Turning Toward the World, Part 3: Cleaving to the Roots of Issues

Turning Toward the World, Part 3: Cleaving to the Roots of Issues

 

 

 

Photo by: Universal History Archive/UIG via Getty Images
Photo by: Universal History Archive/UIG via Getty Images

Circumstances have a devilish way of narrowing our perception of reality and ourselves. Imagine living in a blighted, inner city neighborhood where many of the young men carry firearms. You try to sit down with any one of them and explain how absurd the situation is—that they don’t have to be in a situation where so many people carry weapons—that, as a group, as a community, they can choose a better life together than one plagued by suspicion and the threat of violence. Yet the fellow tells you that he needs to protect himself and his family. In his mind it is not just unrealistic—it’s a matter of survival—for him to carry or not carry a weapon. He is experiencing circumstances that make it deeply challenging for him to perceive—to imagine—a different kind of neighborhood and community.

I’ve seen a similar phenomenon occur during classroom debates over whether or not the United States was justified in dropping two atom bombs on Japan toward the end of the Second World War. If the issue is framed in a certain way, using justifications like “the war had to be brought to an end,” that “huge numbers of American soldiers would have died in a ground invasion,” then of course it seems like the lesser of two enormous evils. But tear the frame off of that perspective for a moment, step back, and ask yourself a question: how in God’s name did the human race arrive to a point in history when the decisions to design, test, and actually use weapons of this magnitude were even made? Those bombs obliterated every person, dog, cat, bird, tree, flower, and caterpillar for miles. “Well we had to do it,” someone interjects, and so civilization remains steadfastly in a dark room unlit by imagination.

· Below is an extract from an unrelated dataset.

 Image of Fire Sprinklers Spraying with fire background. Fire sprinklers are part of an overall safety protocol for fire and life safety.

The abortion debate is a third example to drive home this point about perceptions being obstinately “pre-framed.” Most people with whom I’ve discussed the issue operate from a principle in their hearts—meaning their thoughts on the matter and all justification of those thoughts proceed from a deeper position that is usually unalterable. The position is either that human life is sacred from conception or that human freedom and self-determination, in this case that of the mother, should be inviolable. Two people who in my opinion managed to lay out the strengths and weaknesses of both sides of this extremely sensitive bioethical, political, and for some, spiritual, issue were Carl Sagan and Ann Druyan in a book published twenty years ago called Billions and Billions; it’s unusual to hear or read a perspective on this issue that does not from the outset protect an already decided-upon position.

On the topic of abortion, the most interesting development I’ve both heard and read about recently is the current consensus among scientists not to experiment on human embryos after the fourteenth day of development, at which point what’s called “the primitive streak” appears—the first cells that remain intact from that point forward, and also the point at which there is no longer any chance of division into twins. Note that neither the pro-life nor the pro-choice crowds would be satisfied with a 14-day rule on when or whether to terminate a pregnancy.

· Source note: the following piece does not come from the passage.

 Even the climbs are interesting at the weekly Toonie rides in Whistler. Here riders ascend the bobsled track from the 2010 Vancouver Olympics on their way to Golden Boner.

In all three cases—whether to carry a weapon in a crime-ridden neighborhood, whether the dropping on an atom bomb is ever justified, and how limits (if any) should be set for ending unwanted pregnancies—we encounter a deeper issue: the inclination to defend a “side” that one has already decided upon. The problem with this inclination is that the causes of the issue go unattended to and unresolved. Prior forces are at work that allow neighborhoods to decay, nations to go to war, and unintended conceptions to occur. And in all cases, concerned parties are called to identify and analyze those forces and address them—to go to the roots of social issues.